### Exercise objective:
Transcribe the full listing without changing a word, and omit its pictures.

### Dataset excerpt:

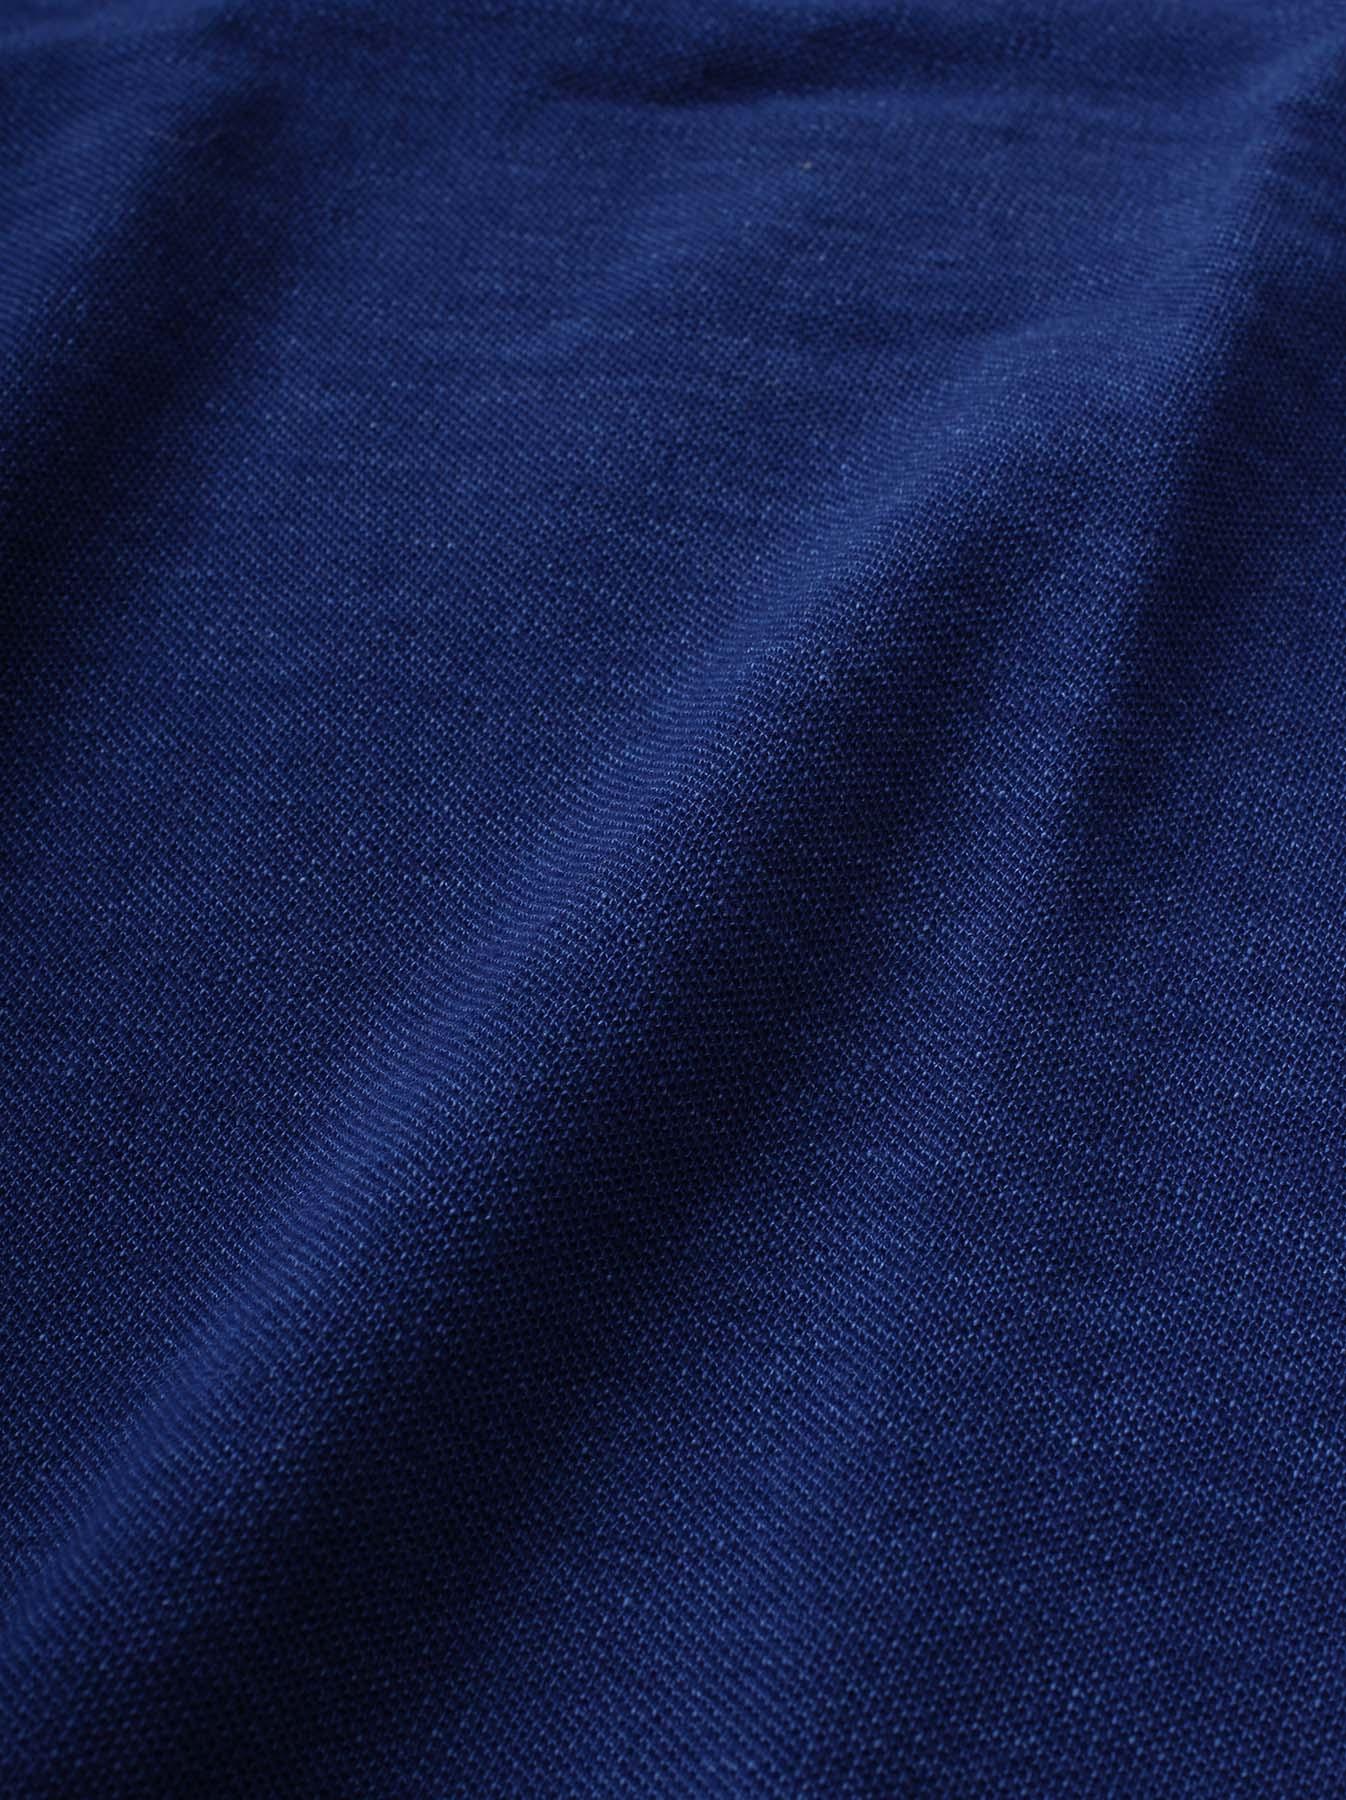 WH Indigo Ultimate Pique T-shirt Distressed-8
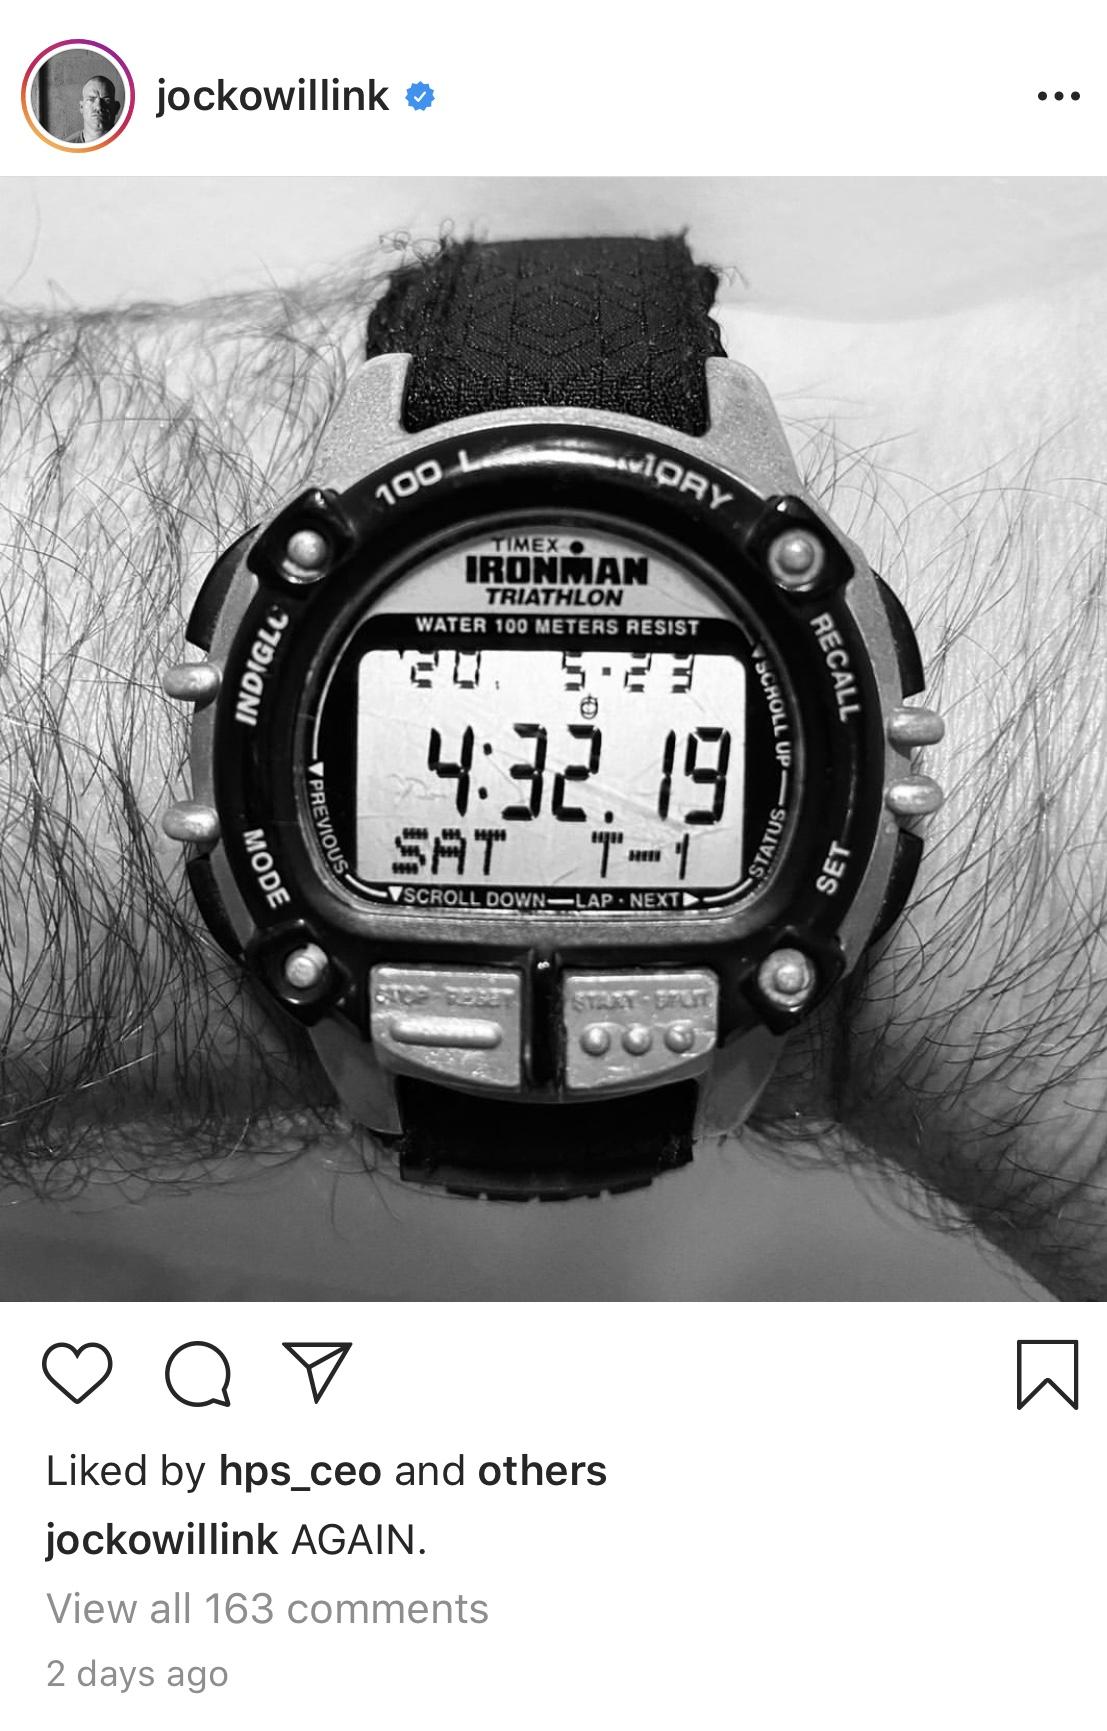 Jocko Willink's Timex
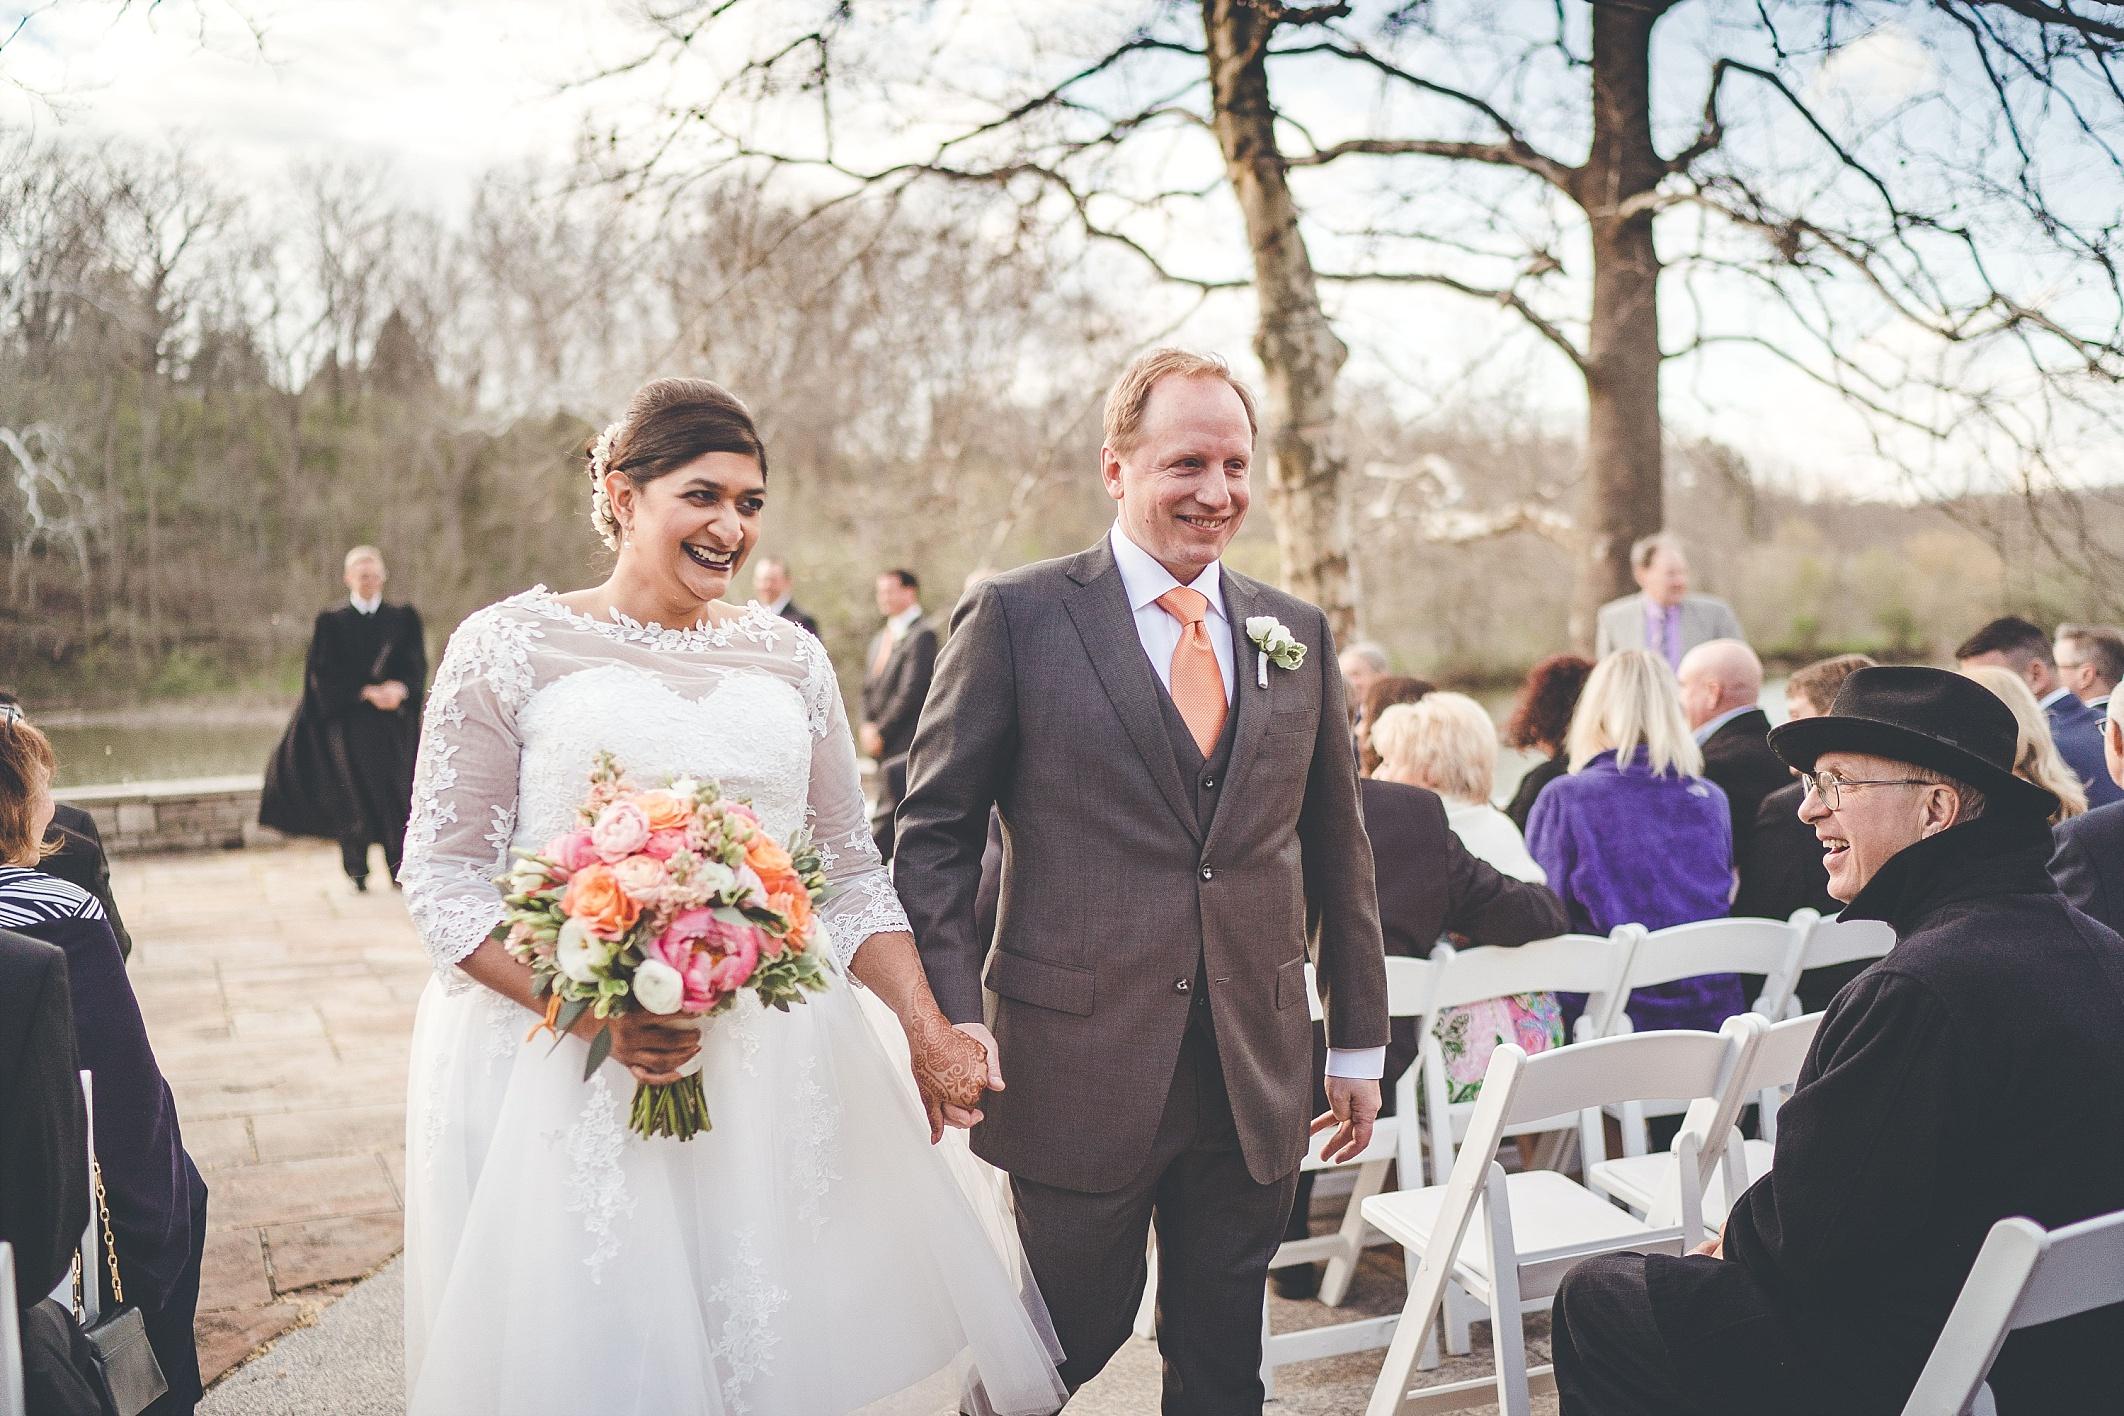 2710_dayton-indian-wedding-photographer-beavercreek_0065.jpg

### Reply:
 WH Indigo Ultimate Pique T-shirt Distressed-8
 Jocko Willink's Timex
 2710_dayton-indian-wedding-photographer-beavercreek_0065.jpg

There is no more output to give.